Other drugs that have been used to modify the disease course in MS
These include a group of pharmacological treatments called immunosuppressants, which work by inhibiting cell division. They target the immune system and do not discriminate between different body systems, so they can be effective for MS but also have a broad range of adverse side effects.
They can be useful for some people with MS, for example in rapidly progressing MS or relapsing-remitting MS with a high relapse rate. Neurologists and people with MS need to work together to balance the good effects of the drugs against their potential adverse side effects.
- azathioprine (Imuran)
- cyclophosphamide (Endoxana)
- intravenous immunoglobulin (IVIg)
- methotrexate (Maxtrex)
- mitoxantrone (Novantrone)
The drugs listed above have not been found to be useful for people with progressive MS.
Ocrelizumab, an experimental new treatment option for MS, works by targeting a type of immune cell, called a B cell. This helps to reduce the immune response by stopping these cells from attacking and damaging myelin. Top-line results have been announced from a phase 3 clinical trial looking at the use of ocrelizumab in primary progressive MS and phase 3 clinical trials for relapsing MS were announced as complete in June 2015.
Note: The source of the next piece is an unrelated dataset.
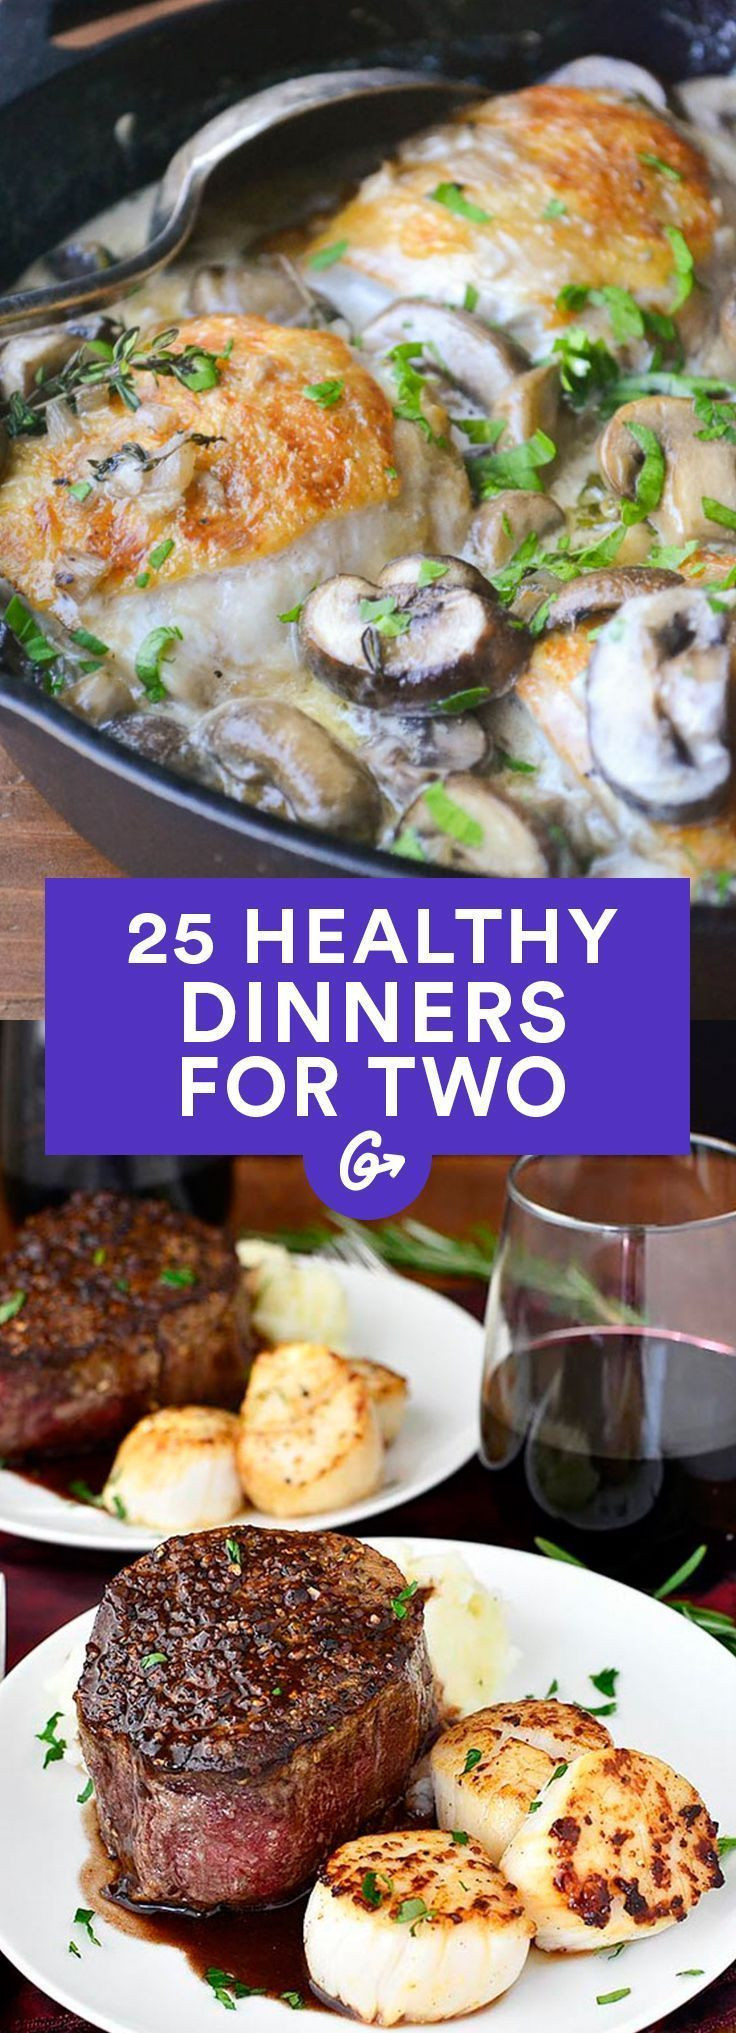 Cheap Healthy Dinners for Two Lovely Healthy Dinner Ideas for Two A Bud Dinner Ideas

In April 2017, ocrelizumab was approved as a treatment for both relapsing and primary progressive MS in the US. It is the first licensed treatment for people with primary progressive MS. The decision was made by the US Food and Drug Administration (FDA). In its latest trial results, researchers found that ocrelizumab reduced relapses, MRI activity and slowed progression in relapsing MS. It was also found to slow progression in primary progressive MS.
In November 2017, The European Medicines Agency (EMA) recommended granting a marketing authorisation in the European Union (EU) for ocrelizumab (Ocrevus) for the treatment of adult patients with relapsing multiple sclerosis (RMS) and early primary progressive multiple sclerosis (PPMS).
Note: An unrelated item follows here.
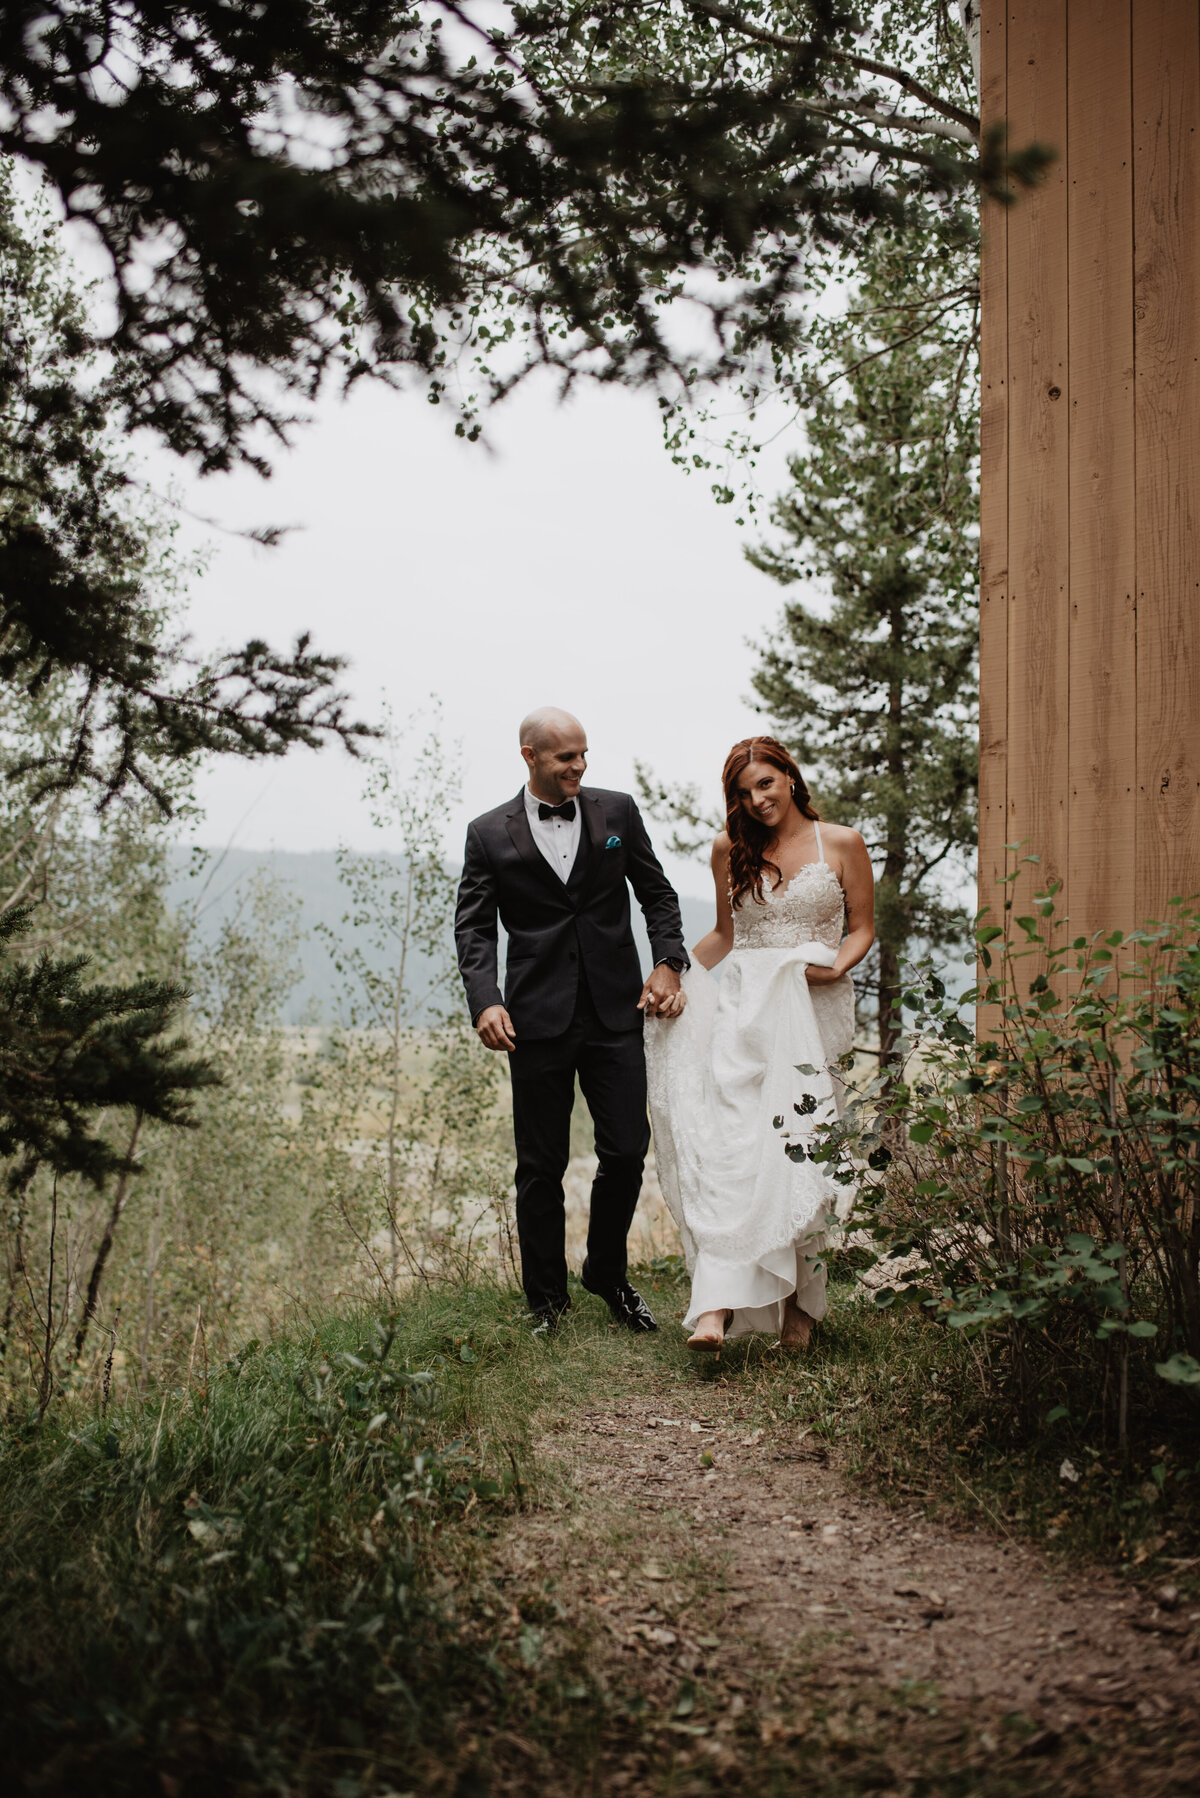 Jackson Hole photographers capture bride and groom holding hands while walking

The opinion will now be sent to the European Commission, for a decision on an EU-wide marketing authorisation. Decisions about price and reimbursement will take place at the level of each member state in the context of the national health system of that country.
Treating MS symptoms
People with MS experience a wide range of symptoms caused by damage to their central nervous system. A number of treatments have been tested for MS symptoms and there has been some progress for particular symptoms such as spasticity and gait problems. However, testing of treatments for use in other symptoms such as fatigue and cognitive impairment has been unclear to date.
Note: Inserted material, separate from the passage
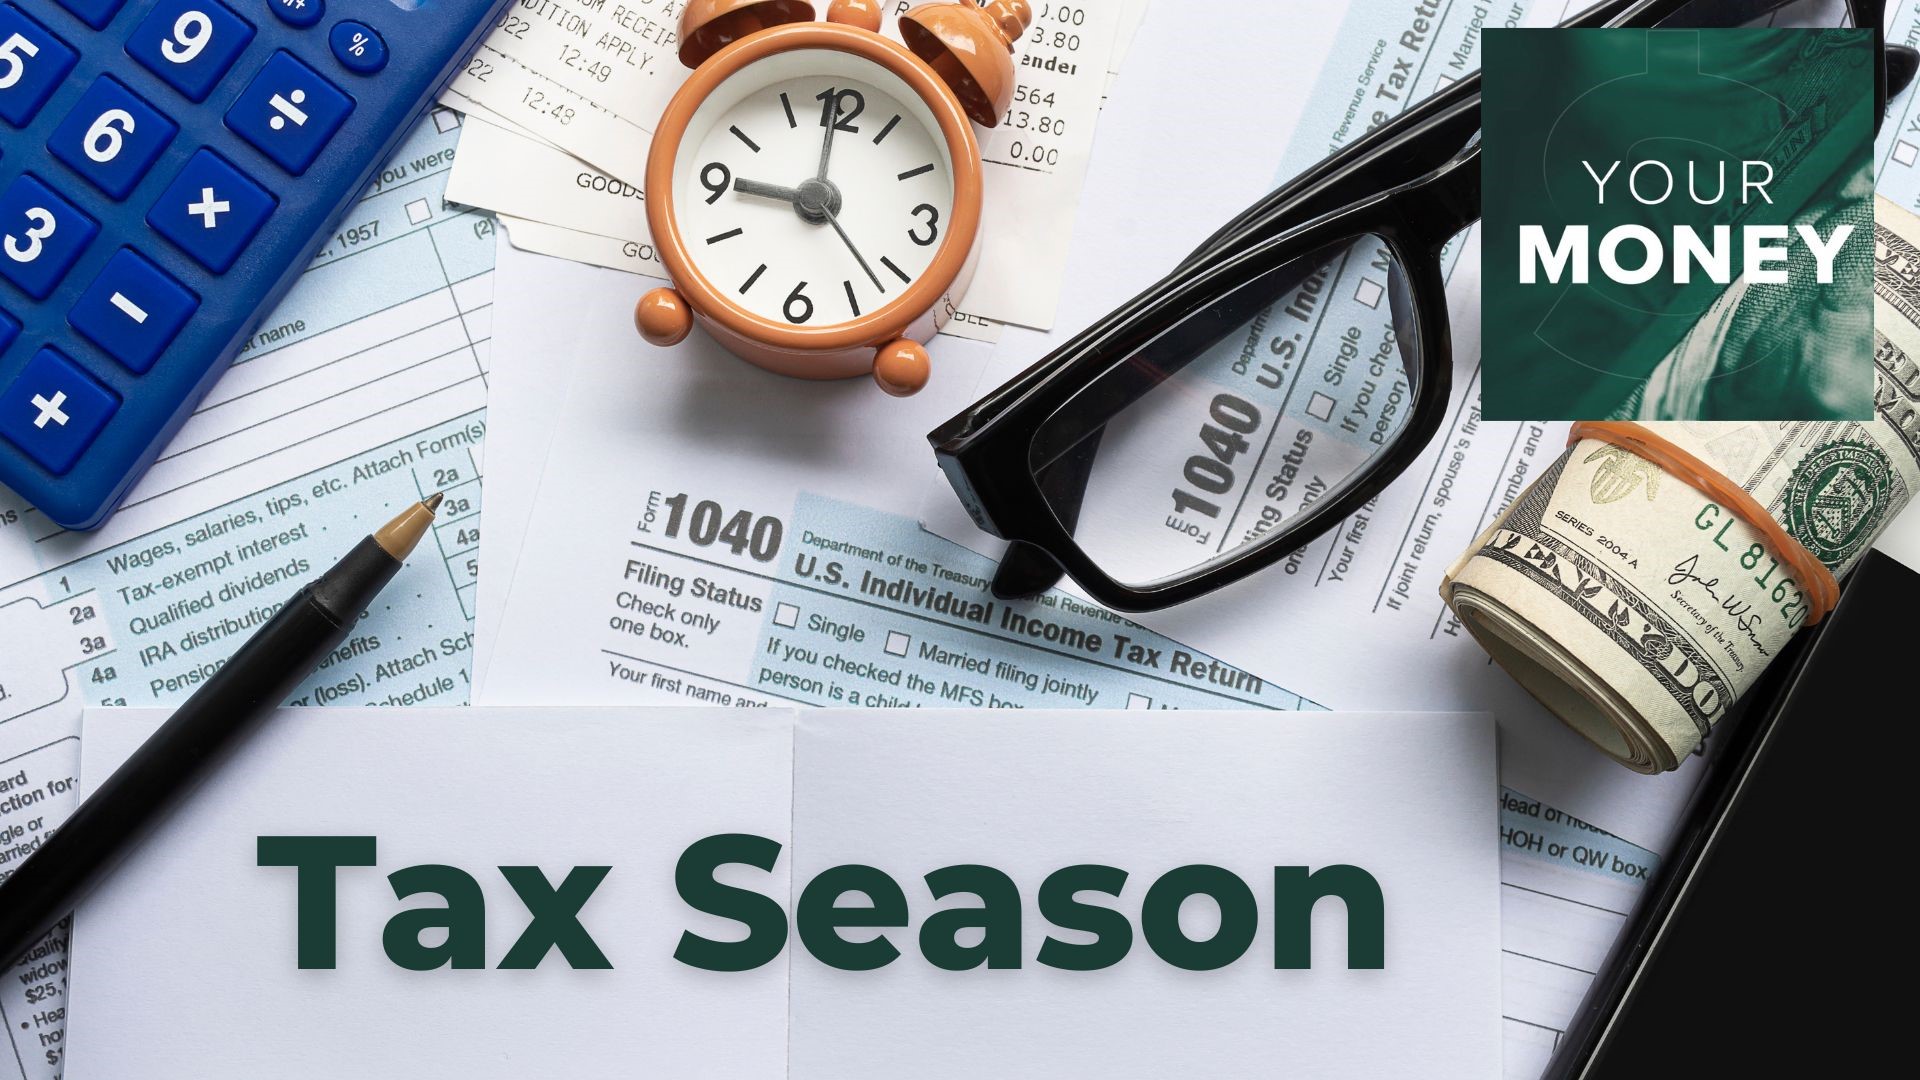 It is tax season! Gordon Severson shares expert advice on how to maximize refunds as well as tips on avoiding tax scams. Plus, why returns may be smaller this year.

Balancing treatment benefits with the risk of side effects is difficult in symptom management. For example, a treatment that improves spasticity and pain but worsens mobility may not be worth pursuing. Neurologists need to work closely with each person with MS to find appropriate treatments for that person’s symptoms. Other symptom management techniques such as rehabilitation, energy conservation and exercise also need to be considered.